Gas Processes

Abstract

The one particle probability distribution function, f(r, p, t), is defined so that

$$f\left( {r,\,p,\,t} \right)dxdydzd{p_x}d{p_y}d{p_z} = f\left( {r,\,p,\,t} \right)d{V_r}d{V_p}$$

(3-1)

, is the probability that, at the time, t, a particle has momentum, p, in the volume element dV _p at p and position, r, in the volume element dV _r at r. Similarly, the distribution function f(r, v, t) is defined so that for an average particle density, N,

$$N\,f\left( {r,\,v,\,t} \right)dxdydzd{v_x}d{v_y}d{v_z} = N\,f\left( {r,\,v,\,t} \right)d{V_r}d{V_v}$$

(3-2)

, gives the probable number of particles in the six dimensional phase space dV _r dV _v around position, r, and velocity, v. Boltzmann’s equation for f(r, p, t) may be written as (Boltzmann, 1872)

$$\frac{{\partial f}}{{\partial t}} + \frac{p}{m} \cdot {\nabla _r}f - {\nabla _r}\varphi \cdot {\nabla _r}f = {\left( {\frac{{df}}{{dt}}} \right)_{coll}}$$

(3-3)

, where φ(r) is the potential energy acting on every particle, p is the momentum, m is the particle mass, ∇ _r is the gradient in position space, ∇ _p is the gradient in momentum space, and (df /dt)_coll is the rate of change in f due to collisions. Noting that \(\dot p = - {\nabla _r}\varphi \), we may write Eq. (3-3) in Cartesian coordinates as

$$\frac{{\partial f}}{{\partial t}} + \dot x\frac{{\partial f}}{{\partial x}} + \dot y\frac{{\partial f}}{{\partial y}} + \dot z\frac{{\partial f}}{{\partial z}} + {\dot p_x}\frac{{\partial f}}{{\partial {p_x}}} + {\dot p_y}\frac{{\partial f}}{{\partial {p_y}}} + {\dot p_z}\frac{{\partial f}}{{\partial {p_z}}} = {\left( {\frac{{df}}{{dt}}} \right)_{coll}}$$

, where _· denotes the first derivative with respect to time. The Boltzmann equation for f(r, v,t) is

$$\frac{{\partial f}}{{\partial t}} + v \cdot {\nabla _r}f + \frac{F}{m} \cdot {\nabla _v}f = {\left( {\frac{{df}}{{dt}}} \right)_{coll}}$$

(3-4)

, where v is the velocity, F is the force acting on each particle, m is the particle mass, and ∇ _r and ∇ _v denote, respectively, gradients in position and velocity space. As an example of astrophysical forces, a particle of charge, q, and mass, m, experiences the force

$$F = q\left( {E + \frac{1}{c}v \times H} \right) - m\,g\,{n_r}$$

, in the presence of an electric field of strength E, a magnetic field of strength H, and a gravitational field of acceleration g. Here n _r is a unit vector in the radial direction from the mass, m, to another mass, M, and the acceleration due to gravity is G M/r ², where the gravitational constant G=6.67 · 10⁻⁸ dyn cm²g₋₂ and r is the distance between the mass, M, and the particle of mass, m.

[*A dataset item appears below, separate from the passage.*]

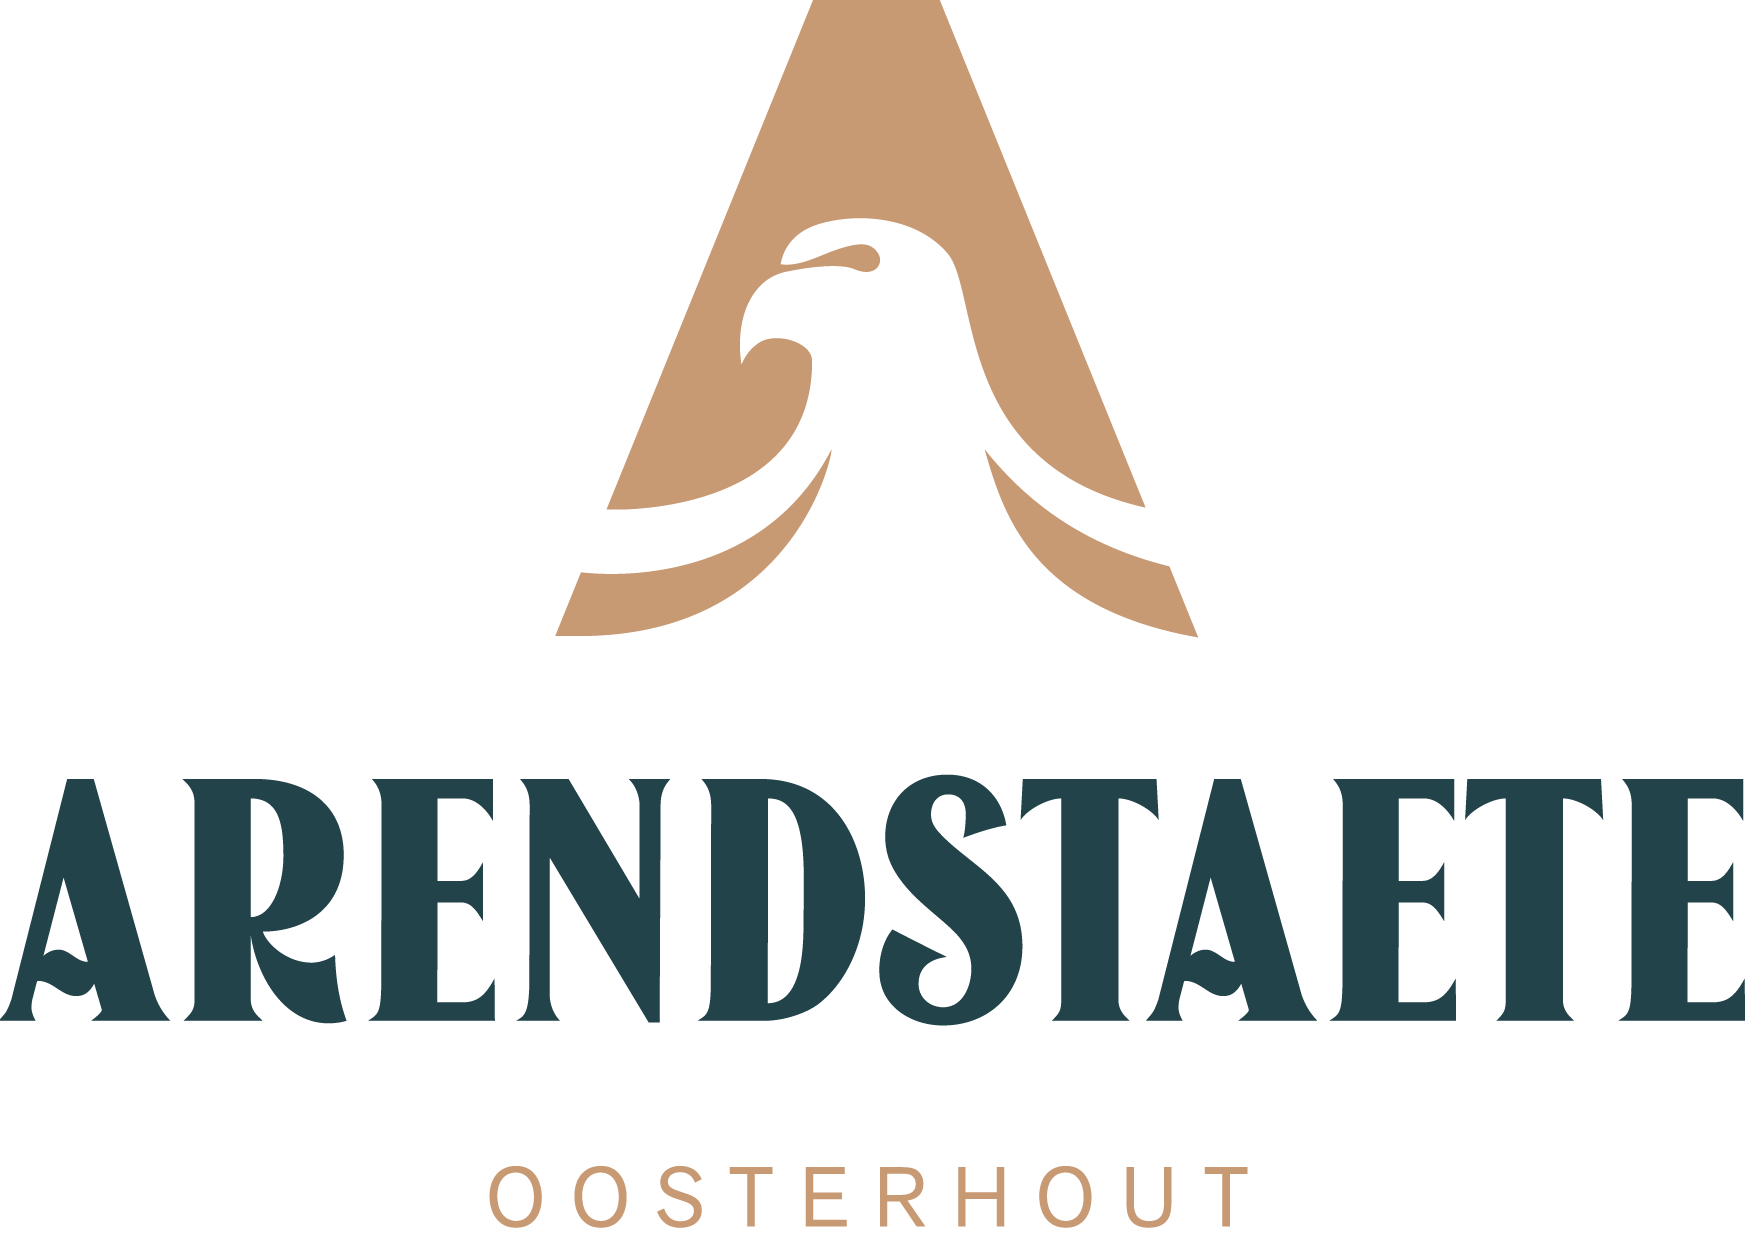 Arendstaete Oosterhout

“This notation may be perhaps further explained by conceiving the air near the earth to be such a heap of little bodies, lying one upon another as may be resembled to a fleece of wool. For this consists of many slender and flexible hairs, each of which may indeed, like a little spring, be easily bent or rolled up; but will also, like a spring, be still endeavouring to stretch itself out again.”

R. Boyle, (1660)

“O dark dark dark. They all go into the dark.

The vacant interstellar spaces, the vacant into the vacant.”

T. S. Eliot in East Coker III (1940)